I would die for my wife to protect her and have told her but she doesn't even think I'm interested in her as a man. She's told my affection, is rare, robotic, or just lustful. I want desperately to make her happy and I can't seem to even be a person who's enjoyable to be around
I thought I could describe my emotions, sad is sad, angry is angry, it sounds silly for someone with an education but I couldn't really do it more justice.
I've suffered from a vagal response where I faint if I'm in a lot of pain or see blood or am having blood taken. I can't help but think I'm actually experiencing fear and because it's so rare I feel anything my body just collapses.

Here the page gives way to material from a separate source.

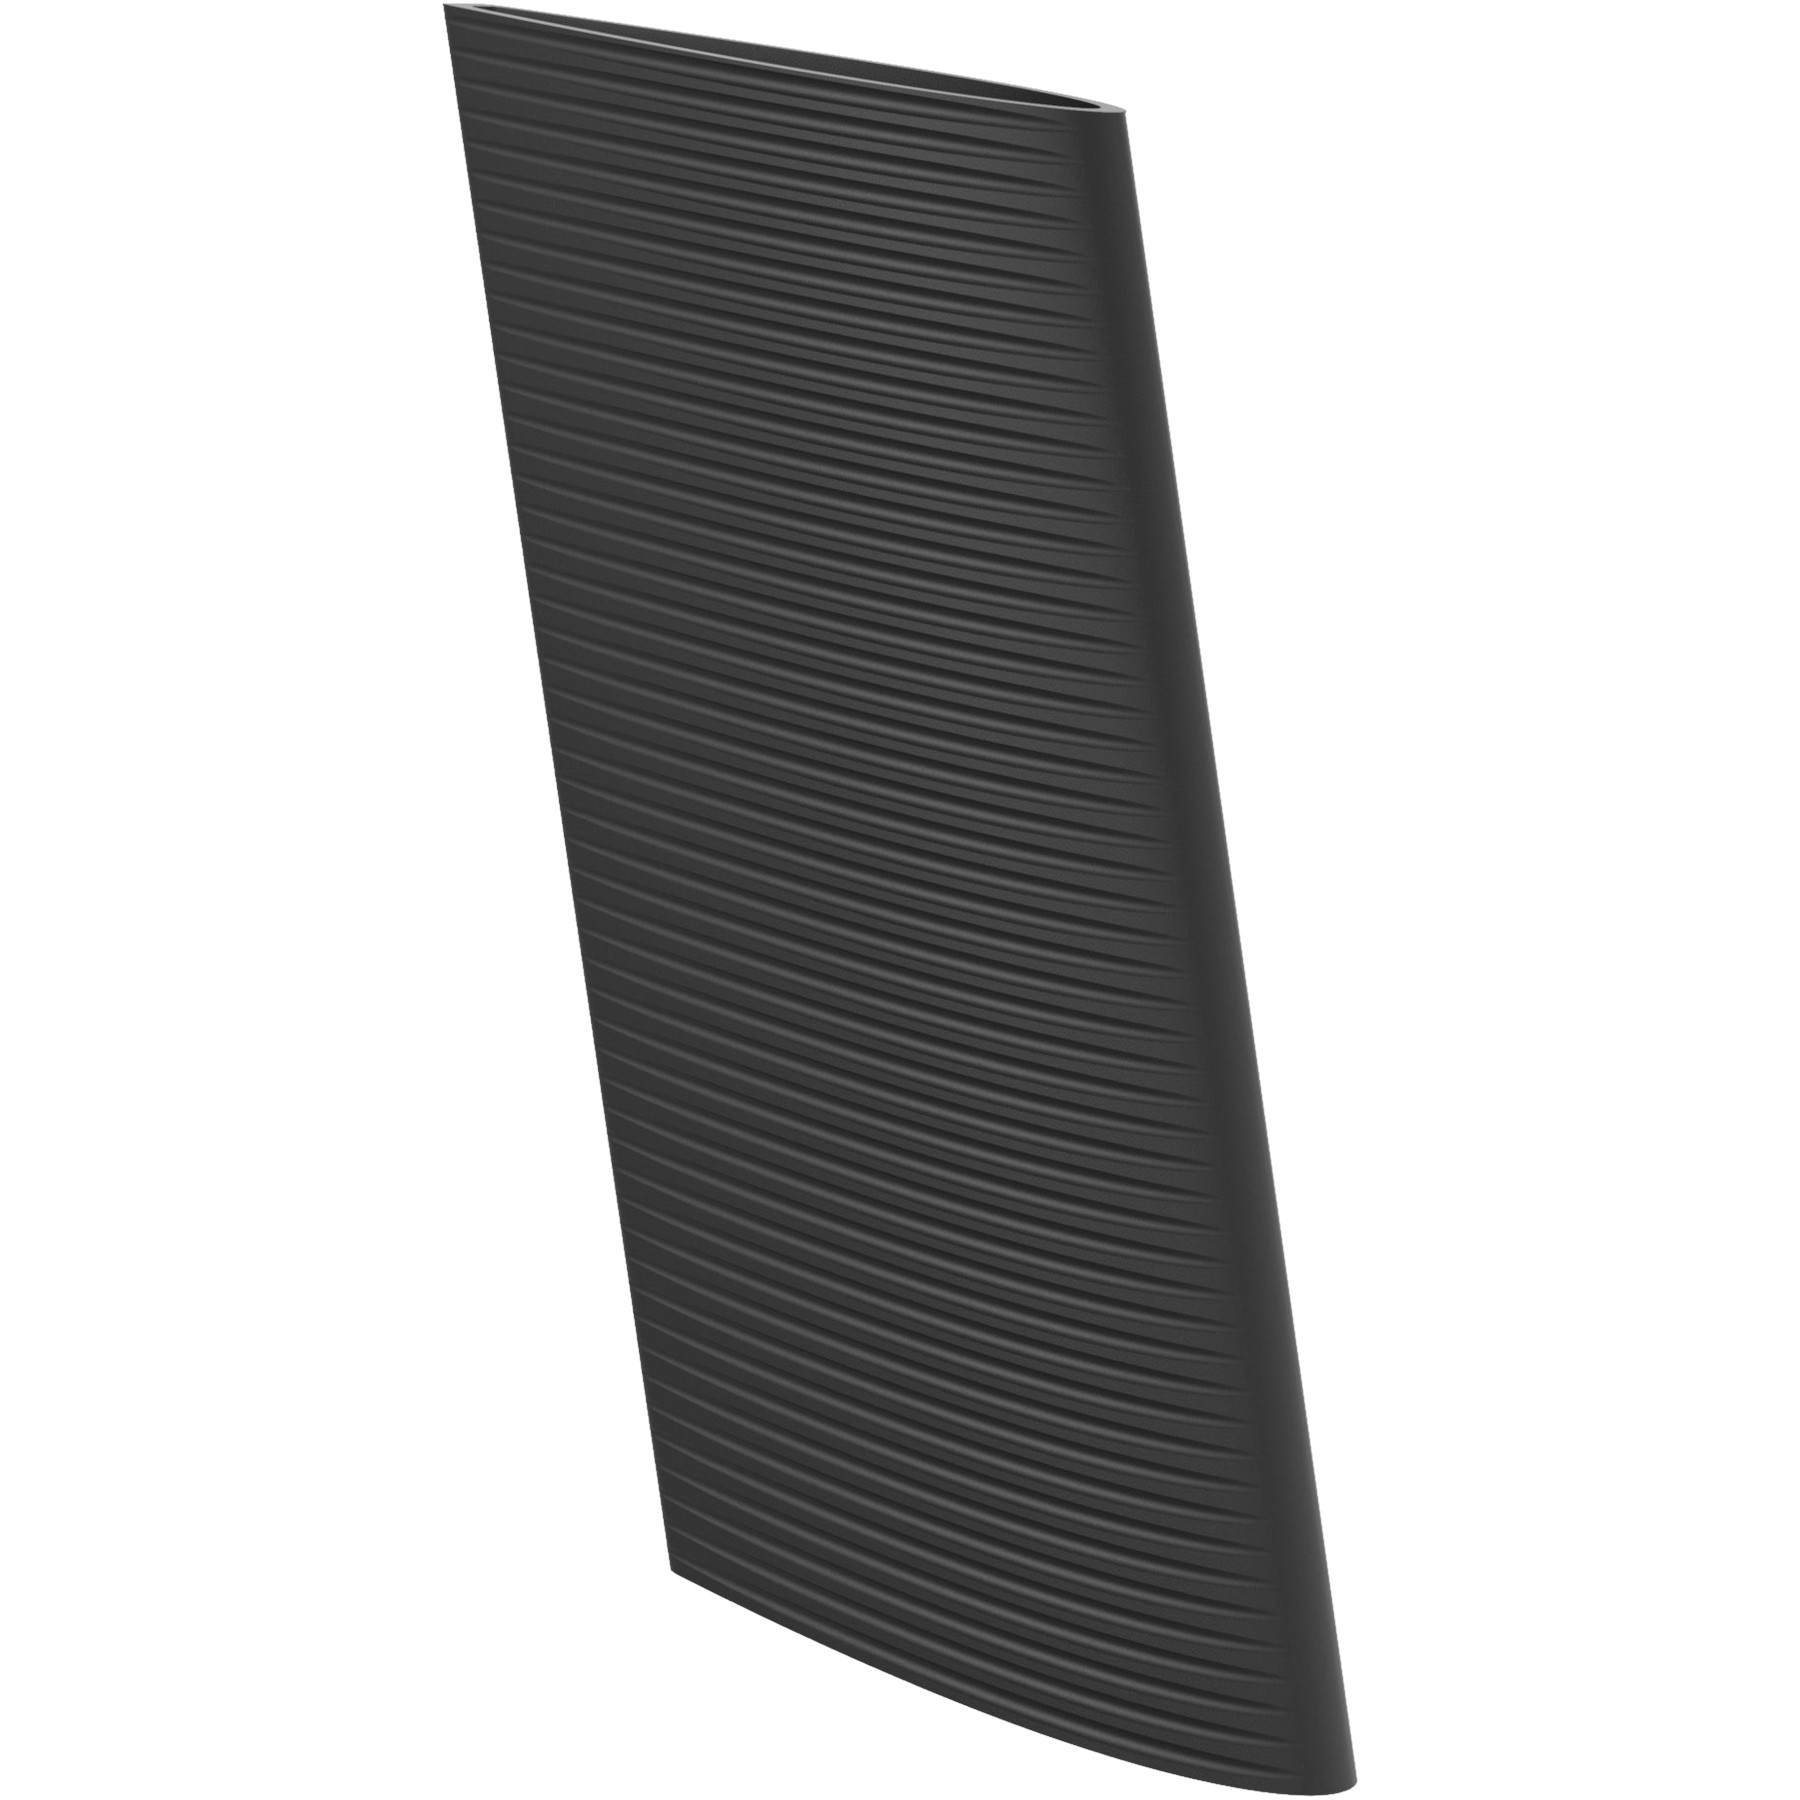 Produktbild von Syncros Blade für Scott Plasma 6 Extensions - schwarz

I'm a cancer survivor who realized he wasn't that scared or even grateful when he got better and people around me were more emotional about it than I was.
I'm even a Catholic which means I'm obligated to love others and serve others and I'm embarrassed of how I have not.
I'm a grown mature adult who knows how to work, pay bills, drive, discuss political issues, vote, etc. But I can't seem to understand why I should just hang out on somebody's couch, drink beer, and maybe tell them I love them and I'm here for them. I'm lacking something fundamental in my head where it connects to my heart. I wish I knew what to do.